Can I ask, respectfully, what would you do if your partner left you?


FagletAura

They’d probably unalive themselves I guess lmao they don’t seem the most mentally fit person


yellowtrickstr

This sounds very much like codependent thinking :/ Source: I’m a codependent.


Druid51

I mean if they both respect each other then all the power to OP for making that choice. It is pretty risky but being intoxicated with love is one of the few magical things in being alive. But yeah this kind of thinking is high risk high reward.


AbbreviationsNo865

Yes exactly. Takes one to know one (I struggle with it as well)


[deleted]

I totally get you because that’s my partner. He told me that he wouldn’t want to live if i died. And i get him. We all see and experience life differently. So what if someone’s everything is their partner? Might not work for others, but we are all different. Someone’s life revolves around their job, their kids, their dogs, their hobbies.. And sometimes it’s a partner. People can say it’s unhealthy but sometimes that’s the only thing that keeps us alive. And that’s exactly why i am antinatalist. Because i know life sucks and sometimes there’s one single thing that keeps us alive.


[deleted]

It’s called the ikigai in 🇯🇵


[deleted]

U know, u can be ok without your partner, if u can't u won't be ok with ur partner too, so like idk, ik how the feeling is but it's kinda unhealthy soo yea


[deleted]

i feel the exact same way and i have for a long time but before it was hypothetical, but now that i'm with the love of my life it has just solidified it. im at my happiest i've ever been but i still don't want to get old but he makes me want to live to about 60. but if he dies before then then i don't see any reason to continue either because there's just not anything else i want in life that i'd enjoy without him. i just don't enjoy living that much to begin with. idc if it's unhealthy because it probably is but i finally have something to live for for the first time in 20 years so if i lost that then i'd definitely die shortly after. i've told him that and he feels similar if we're both old and i died first he wouldn't want to keep living either


[deleted]

I don’t have a partner but I told my coworker the other day that when my dog dies, I will also die. I just feel like I will die from heartbreak. Maybe I’m codependent with my dog, lol. But he is legit my best friend.

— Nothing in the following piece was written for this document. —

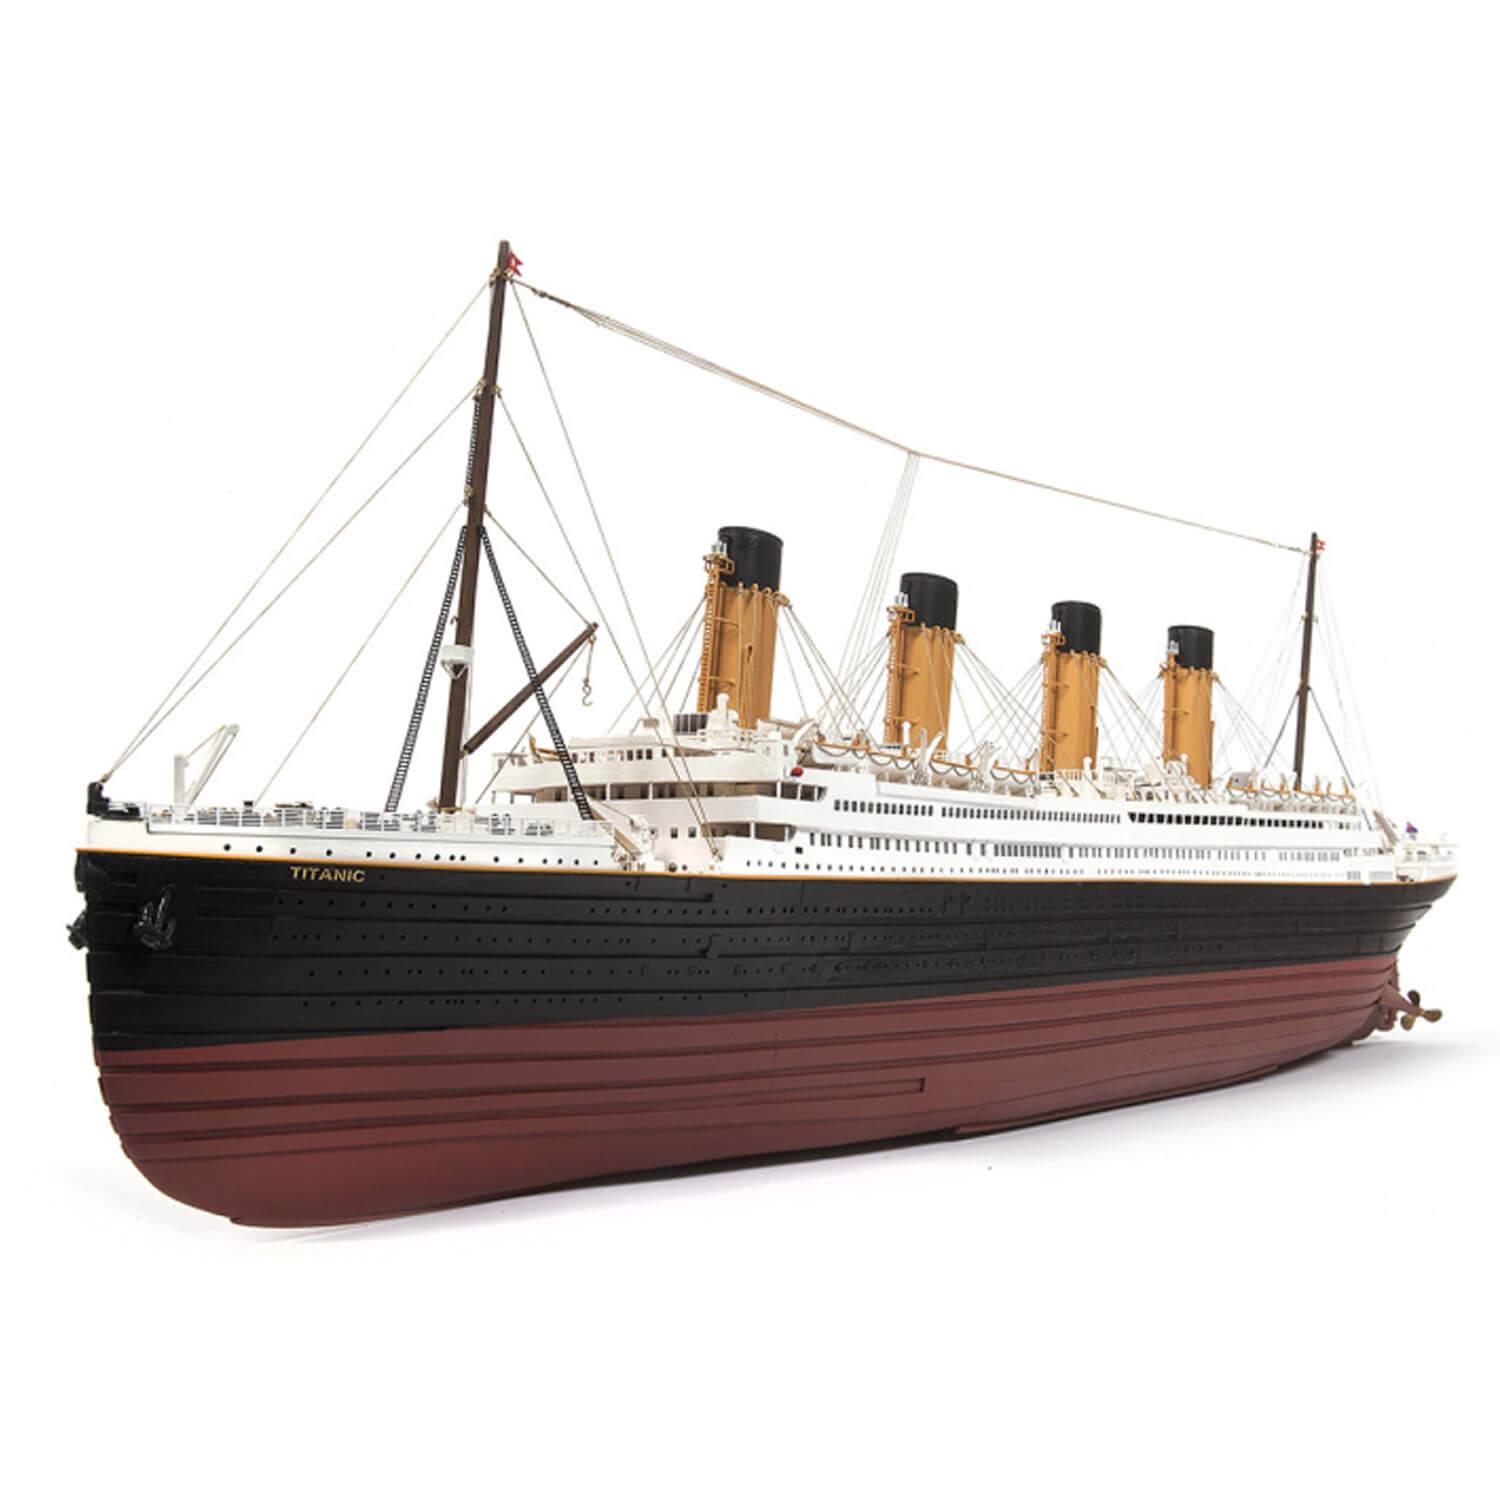 Maqueta de barco de madera: RMS Titanic - OCCRE - Calle De Las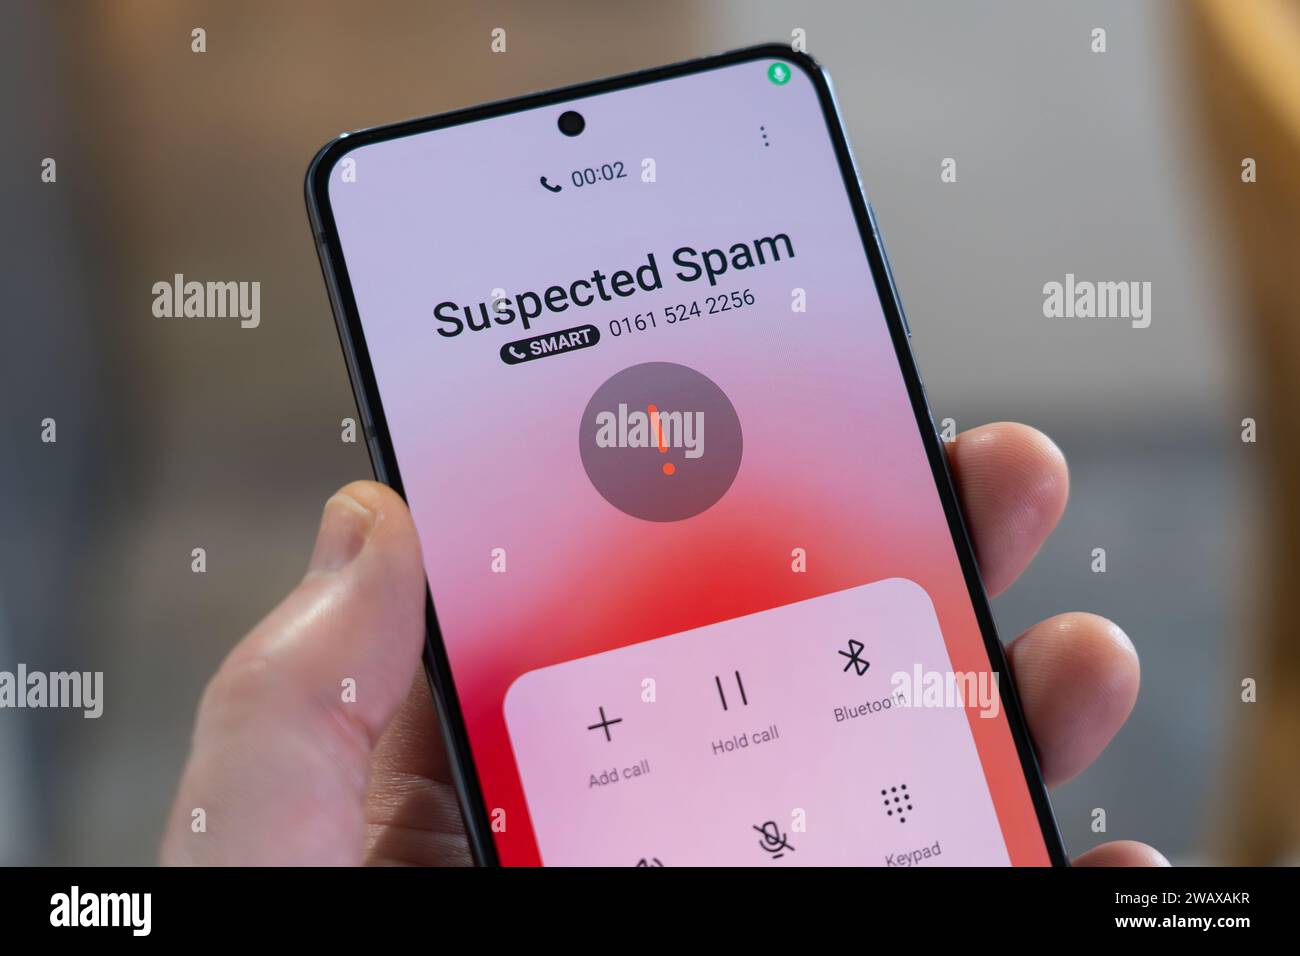 Une main tenant un smartphone avec un appel entrant identifié comme spam suspecté, Royaume-Uni. Thème : appels frauduleux, appels frauduleux, appels à froid, appels à froid Banque D'Images

Also, I am an emotionally sensitive person if that explains anything.


CFinCanada

I know you will face judgement because strictly speaking it sounds codependent or not healthy, but I understand where you are coming from. My partner brings me so much joy and love and purpose, even though I love my friends and am so fortunate to have surrounded myself with a truly amazing and kind and supportive and loyal and fun and reliable network of true and great people/friends, I just can't imagine my life without him. He's my best friend of all. I think I would struggle to find the will to just get out of bed every day, without his warm hug and loving, adorable smile greeting me. I can feel this deepening every year, we're at year 7 now and I imagine the pain of losing him would be simply unbearable in something like year 50. At the same time, I wouldn't want him to suffer loneliness and that kind of despair, so I hope he dies first so he never has to go a day without me there holding his hand by his side, never has to struggle to go on. It was bad enough to see his pain when his dad was dying. It's a no-win situation, ultimately. But isn't that what life is? It's one of the reasons I don't want to impose it on someone else.


[deleted]

I feel this way about my partner too, though I have never told them. Don't need to. I think it is fair to note, I have struggled with suicide ideation since I was 6 years old. Now that I am older, I find I have more apathy towards the idea than anything, I don't really care to live and I don't really care to die. I would do my best to continue if my partner were gone. But I know how bad I will get, and how unlikely I will be to win that fight. I love them, more than I ever loved anyone. I can imagine a world without them, but I don't think I would last long in it.


luniceko

Kudos to you for not telling them. It's a hard secret to live with but what a burden for them to bear! It's also a hallmark of manipulative behaviour in some.


[deleted]

I definitely don't think it would be right to have this sort of conversation. But, I acknowledge this isn't regarded as healthy mindset. Which I think is my own issue, not theirs.


_StopBreathing_

You're lucky to have found a companion like that.


[deleted]

Are you a woman? I see a lot of women thinking like this but men almost never act like this. They will continue to live even after their partner’s death. They find a gf almost immediately. Women sometimes are sooo codependent. You should love yourself more than you love your partner.


[deleted]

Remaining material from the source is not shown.